Methods: Generative Adversarial Network (GAN) pix2pix-models were developed to convert digitally reconstructed chest radiographs (DRRs) from a 120 kV CT scan to bone-only or soft-tissue-only images obtained by DE subtraction (using 80 kV and 140 kV DRRs). An anthropomorphic lung phantom with a soft-tissue target was used to generate a paired-dataset of 920 DRR to DE images with an 80/20 split between training/testing. Generator L1 cost function was used along with discriminator binary cross-entropy cost function for adversarial training. Image quality metrics between real/simulated DE images were measured using signal-difference-to-noise ratio (SDNR) and structural-similarity index (SSIM).

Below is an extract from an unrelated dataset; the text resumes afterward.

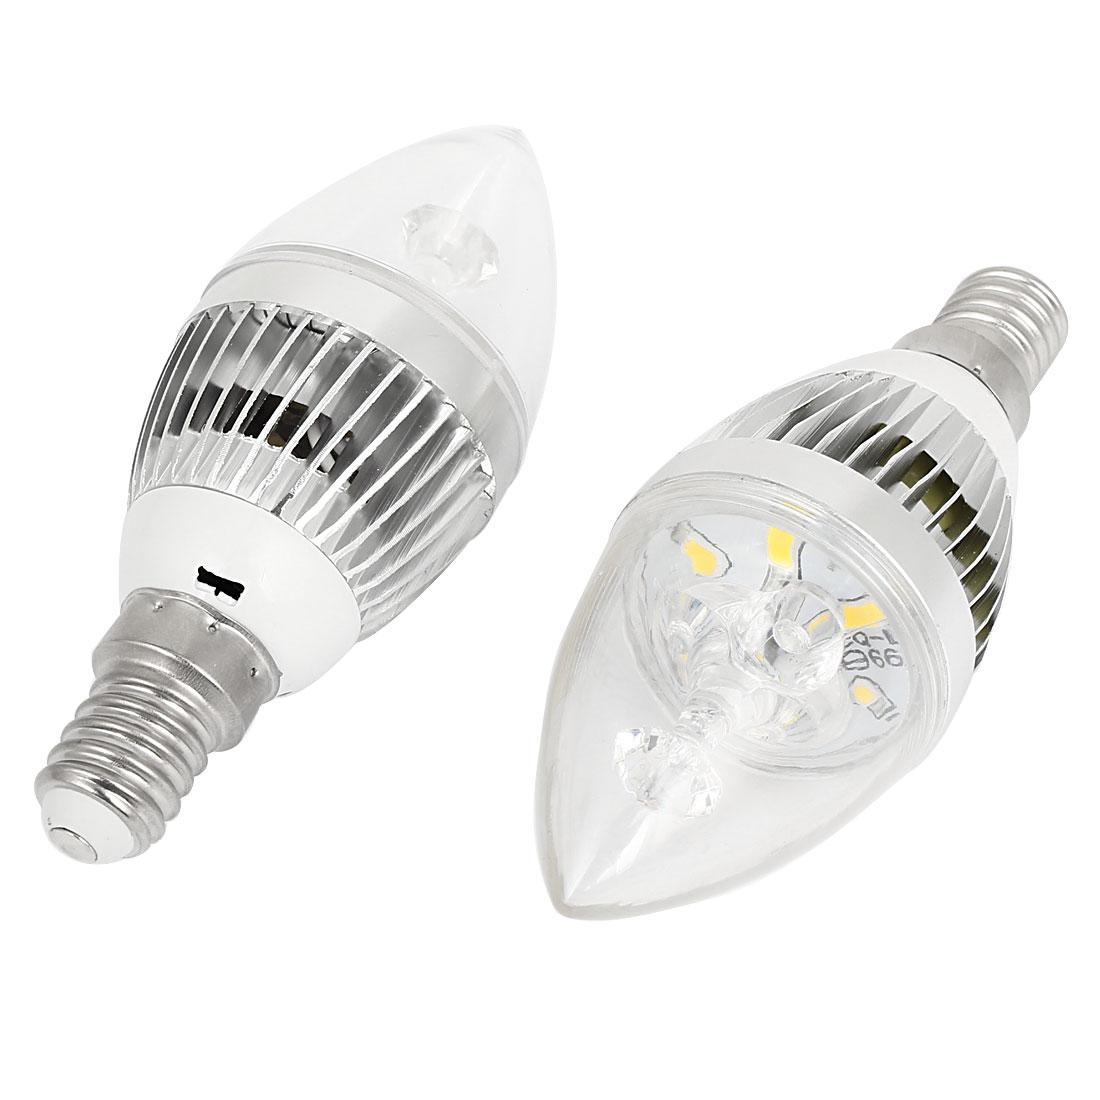 AC100-2260V 3W 2800-3200K Warm White 6 LED E14 Socket Candle Light Bulb 2 Pcs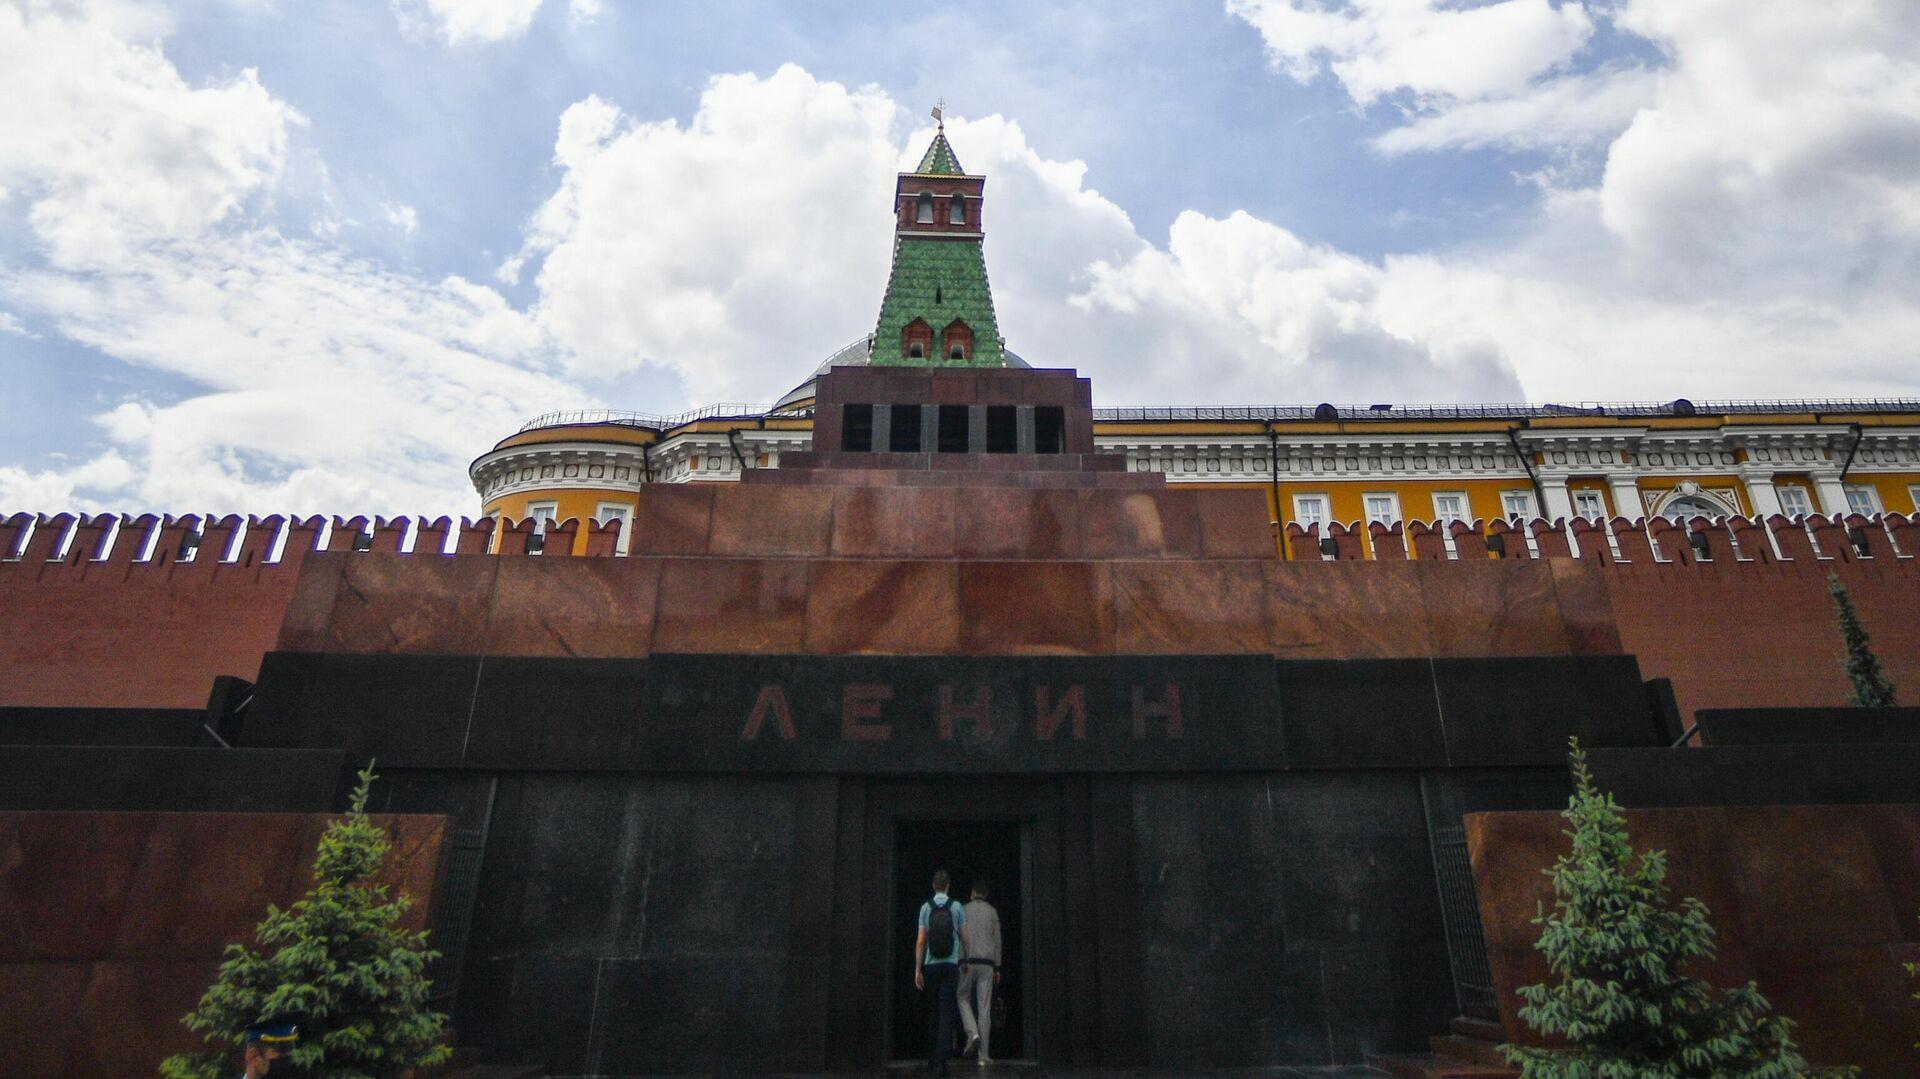 Посетители заходят в Мавзолей В. И. Ленина на Красной площади в Москве - РИА Новости, 1920, 12.09.2020

Tracking evaluated by measuring a shift error defined as the difference between registration shifts between DE images (real or fake) to the corresponding DRRs over the target regions-of-interests (ROIs).

Results: Synthetic DE bone and soft-tissue GAN model training shows monotonic decrease loss values and results in SDNR and SSIM of 3.5 (x% of ground truth conventional DE images) and 0.84 respectively. Tumor tracking (TT) and spine tracking (ST) error using conventional (TT=0.43±0.24mm/ST=0.03±0.01mm) and synthetic (TT=0.44±0.22mm/ST=0.09±0.01mm) DE images were all within clinical tolerance.

Conclusion: Synthetic DE images generated from a single exposure using a GAN network provide the same tracking accuracy as conventional DE subtracted-images without increasing patient dose from multiple exposures and changing current clinical-workflow. Future work will evaluate tracking accuracy using synthetic DE images retrospectively on patient images.